What to work on — Copy every line from the one that holds "Medium: Three-ply cardboard" to the end of the records below, exactly and with nothing else, but without any pictures.

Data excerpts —
_ _ _ _ _
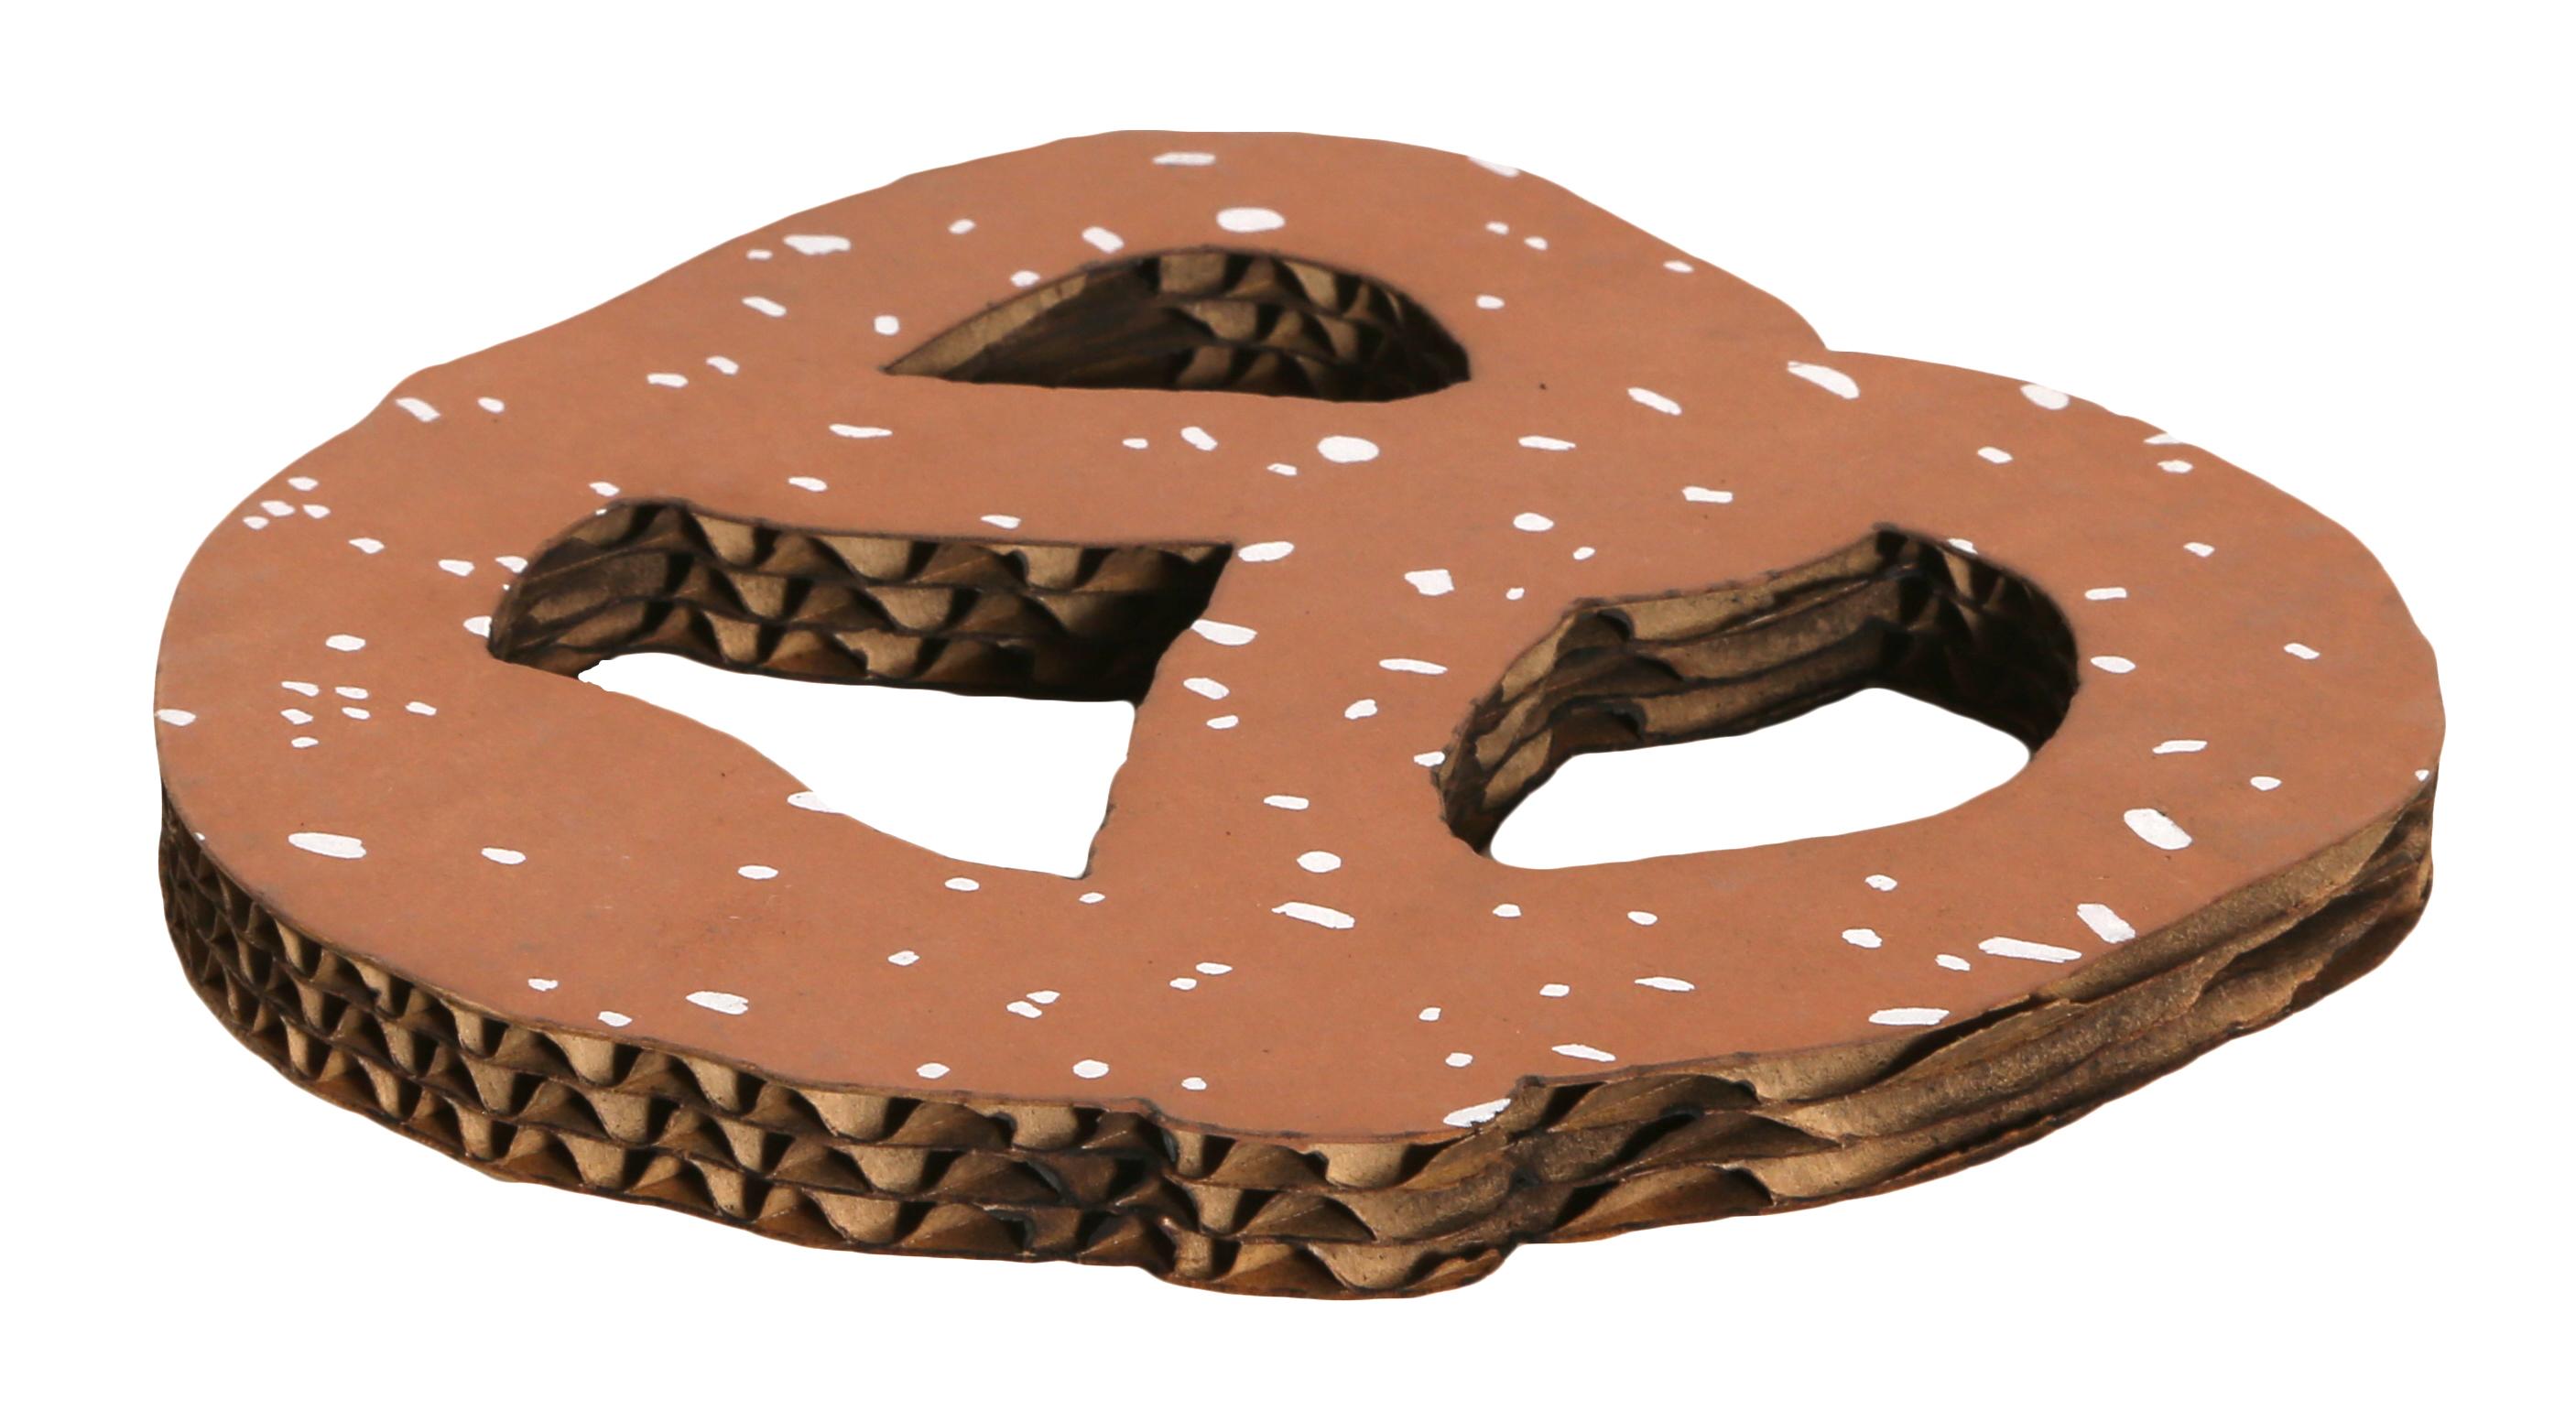 Artist: Claes Oldenburg, Swedish/American (1929 - )
Title: N.Y.C Pretzel
Year: 1994
Medium: Three-ply cardboard multiple with screenprint, stamped with the signature and artist's copyright stamp on the reverse
Edition: Unlimited
Size: 6.8 x 6.5 x
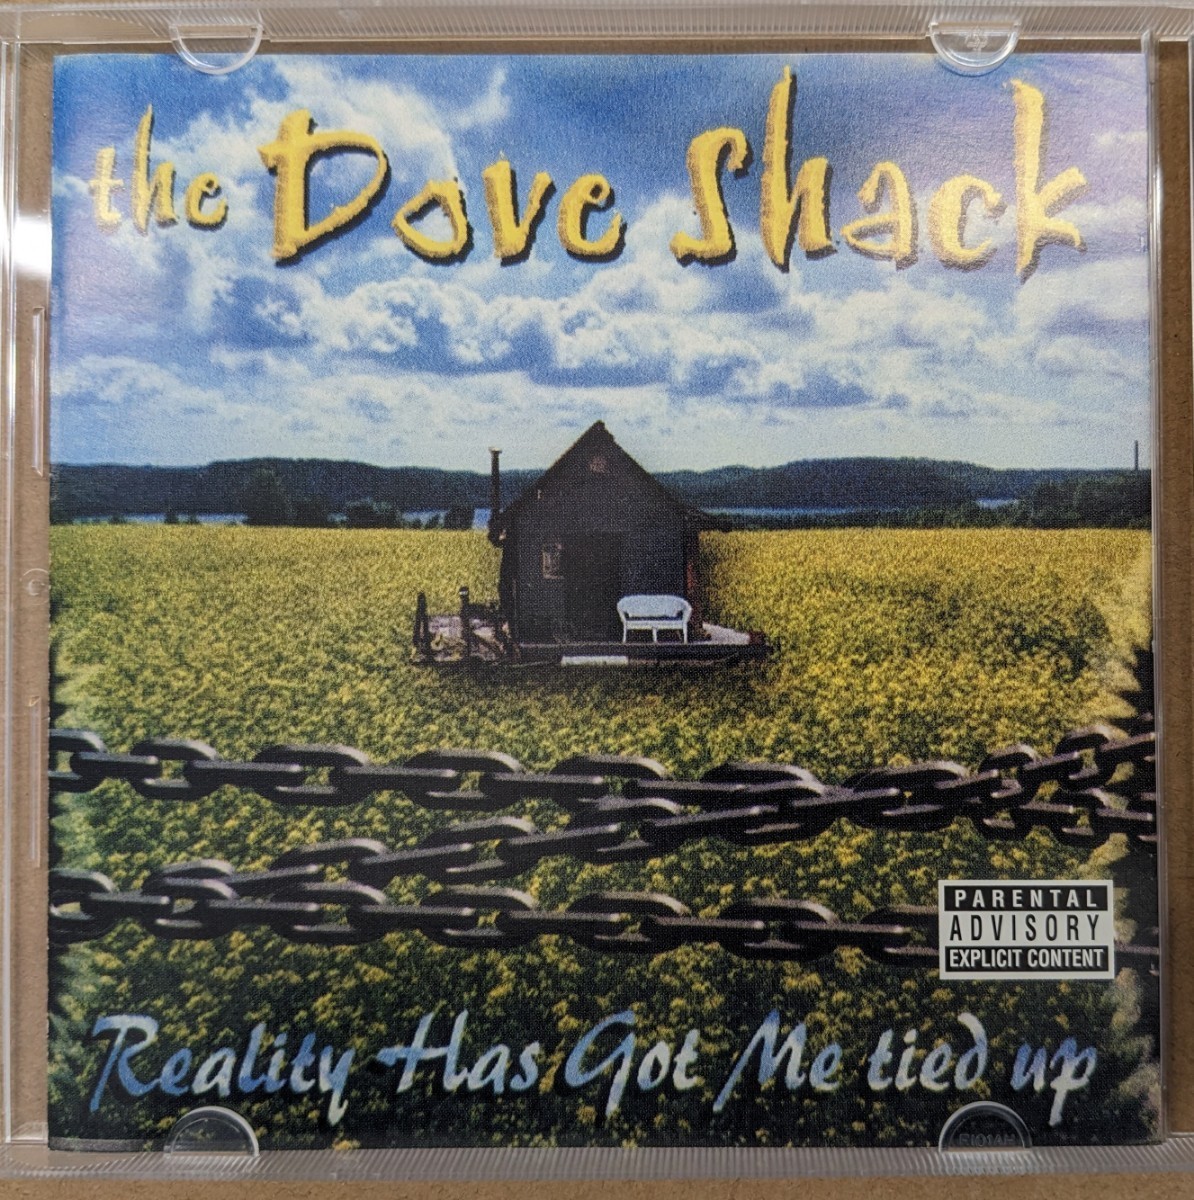 CD 日本盤 the Dove shack Reality has got me tied up 2000 street solid records g-rap g funk gangsta west coast BLCM-86075 レア盤_画像1
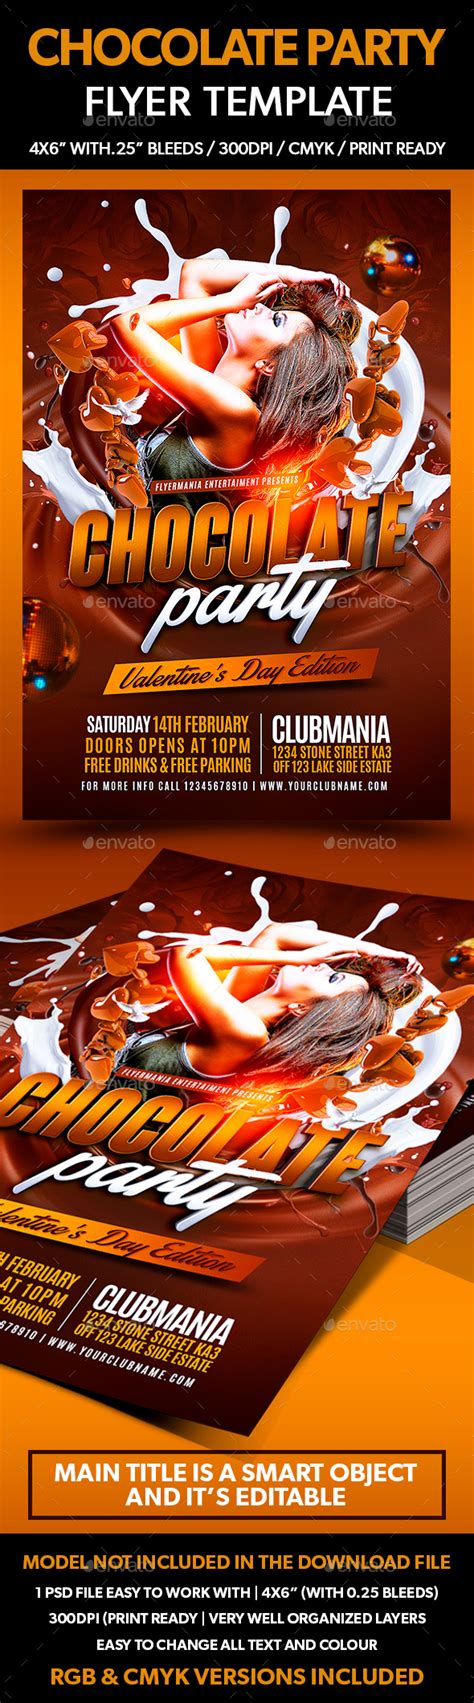 Chocolate Party Flyer Template By Flyermania Graphicriver
_ _ _ _ _
Written response —
Medium: Three-ply cardboard multiple with screenprint, stamped with the signature and artist's copyright stamp on the reverse
Edition: Unlimited
Size: 6.8 x 6.5 x
 CD 日本盤 the Dove shack Reality has got me tied up 2000 street solid records g-rap g funk gangsta west coast BLCM-86075 レア盤_画像1
 Chocolate Party Flyer Template By Flyermania Graphicriver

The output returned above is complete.